The worst was yet to
come: the sightings in the shuttered building continued and a wheel came off of
the car of a white staff member who made fun of the story of Mary Rose and
Abraham; right in front of the hall where Mary Rose “lived.” Try as they might,
no one was able to assign blame for that event to any particular cause.
The crushing blow
came when after yet another nighttime sighting of the Victorian nurse in the
hallway, the following morning Abraham was not in his locked room. All three
sets of keys were accounted for and each key holder had witnesses as to their
whereabouts all night.
It was obvious that
the man was not in his room, yet no one could account for his physical
location. The grounds were searched as a matter of routine, but they kept
coming back to the fact that the door could not be opened from the inside when
locked and it had not been unlocked from the outside until the morning bed
check.
There was also the
matter of the odor of candle wax in his room, smelled by everyone who checked
(including Sarah and Leone). It is worth noting that there were no candles used
there, the building was fully equipped with electric lights.
The very next day the
remaining few patients in the main building were relocated to other buildings, away
from the administrative offices. No patients were ever housed there again.
Abraham was
“discharged” (in absentia), dated the day before his disappearance and the case
was closed. Having no relatives or anyone else to notify, there was no one to
say a word in protest. He was never seen again.
The main building was
shut down and abandoned in 1974 and lies in ruin, but like the fated building
built upon a graveyard full of troubled souls, still has those who aren’t there
walking the halls.
Ghost hunters now
call that hospital and especially those two buildings, the most haunted place
in America.
Epilogue
A new Administration
building was built far away from the original one and people rarely go near the
old crumbling halls.

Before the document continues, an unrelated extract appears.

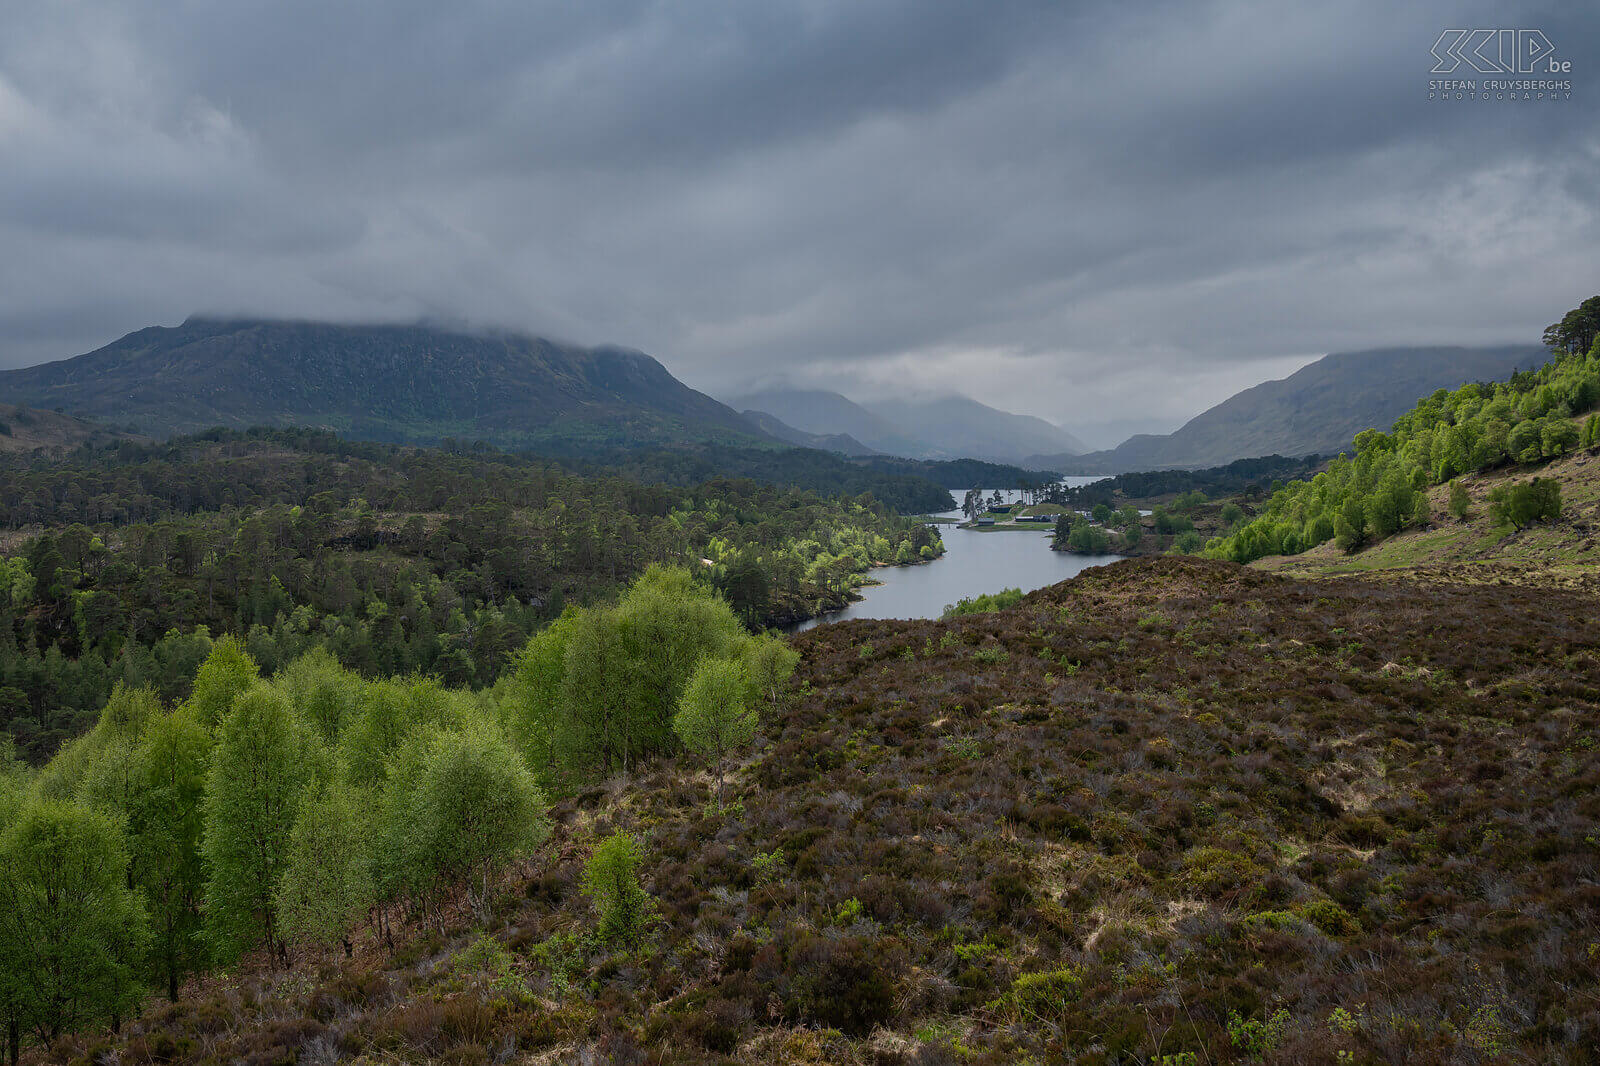 Glen Affric Glen Affric is one of the most beautiful valleys in Scotland Stefan Cruysberghs

Sightings of the “people who aren’t there” occur
frequently in many of the abandoned structures and ghost hunters all now agree
that the place is haunted by the souls of the departed.
I wrote my report on
the power of pain and suffering to influence belief in what we want to believe
is true, like ghosts. I got my “A” grade and concluded that I had enough of
psychology and didn’t want to immerse myself in the suffering of others full
time. I found that it was just too hard to deal with as I felt what they felt
and it distressed me greatly.
Mary Rose, Abraham,
if you are listening; I never said that I didn’t believe in you. Does anyone
smell something burning, like… candle wax?